**Extracted material:**
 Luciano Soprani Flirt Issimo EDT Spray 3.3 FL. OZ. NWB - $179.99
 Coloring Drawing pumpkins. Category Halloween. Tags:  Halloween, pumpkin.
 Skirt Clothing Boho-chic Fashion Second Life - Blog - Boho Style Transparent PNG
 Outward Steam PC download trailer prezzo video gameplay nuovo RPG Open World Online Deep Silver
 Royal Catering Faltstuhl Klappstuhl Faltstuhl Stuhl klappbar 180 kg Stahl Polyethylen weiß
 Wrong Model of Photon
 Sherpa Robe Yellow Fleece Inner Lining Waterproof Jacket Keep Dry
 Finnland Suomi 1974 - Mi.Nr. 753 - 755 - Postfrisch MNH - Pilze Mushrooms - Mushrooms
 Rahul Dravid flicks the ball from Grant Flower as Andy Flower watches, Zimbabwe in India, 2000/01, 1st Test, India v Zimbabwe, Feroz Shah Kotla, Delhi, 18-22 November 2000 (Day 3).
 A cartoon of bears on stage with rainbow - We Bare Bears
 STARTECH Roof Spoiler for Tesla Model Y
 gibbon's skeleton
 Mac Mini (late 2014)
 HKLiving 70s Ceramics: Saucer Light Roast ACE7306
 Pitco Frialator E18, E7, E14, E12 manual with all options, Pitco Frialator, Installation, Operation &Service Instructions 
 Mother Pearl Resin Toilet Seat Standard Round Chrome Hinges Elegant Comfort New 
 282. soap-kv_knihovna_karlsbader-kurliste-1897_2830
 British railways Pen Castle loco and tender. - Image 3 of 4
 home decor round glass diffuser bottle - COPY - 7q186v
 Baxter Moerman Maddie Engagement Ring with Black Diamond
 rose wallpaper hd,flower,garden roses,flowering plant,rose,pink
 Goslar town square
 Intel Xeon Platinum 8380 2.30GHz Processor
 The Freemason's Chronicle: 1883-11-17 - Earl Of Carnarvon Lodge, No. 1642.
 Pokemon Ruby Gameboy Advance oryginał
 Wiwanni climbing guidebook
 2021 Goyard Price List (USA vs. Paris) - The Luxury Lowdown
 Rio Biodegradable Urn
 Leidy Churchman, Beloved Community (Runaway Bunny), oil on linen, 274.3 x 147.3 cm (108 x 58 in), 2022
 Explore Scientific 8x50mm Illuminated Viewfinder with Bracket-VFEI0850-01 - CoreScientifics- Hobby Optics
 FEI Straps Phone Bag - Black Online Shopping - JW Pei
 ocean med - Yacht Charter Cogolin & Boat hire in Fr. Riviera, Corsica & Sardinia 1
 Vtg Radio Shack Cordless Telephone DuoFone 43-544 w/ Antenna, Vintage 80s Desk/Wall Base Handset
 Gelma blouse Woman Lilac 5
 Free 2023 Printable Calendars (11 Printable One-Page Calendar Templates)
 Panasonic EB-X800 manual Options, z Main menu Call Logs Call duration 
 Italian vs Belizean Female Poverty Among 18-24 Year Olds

**Task brief:** Restate exactly each line of the data from the one bearing "Gelma blouse Woman Lilac 5" to the end, and add nothing.

**Your solution:**
 Gelma blouse Woman Lilac 5
 Free 2023 Printable Calendars (11 Printable One-Page Calendar Templates)
 Panasonic EB-X800 manual Options, z Main menu Call Logs Call duration 
 Italian vs Belizean Female Poverty Among 18-24 Year Olds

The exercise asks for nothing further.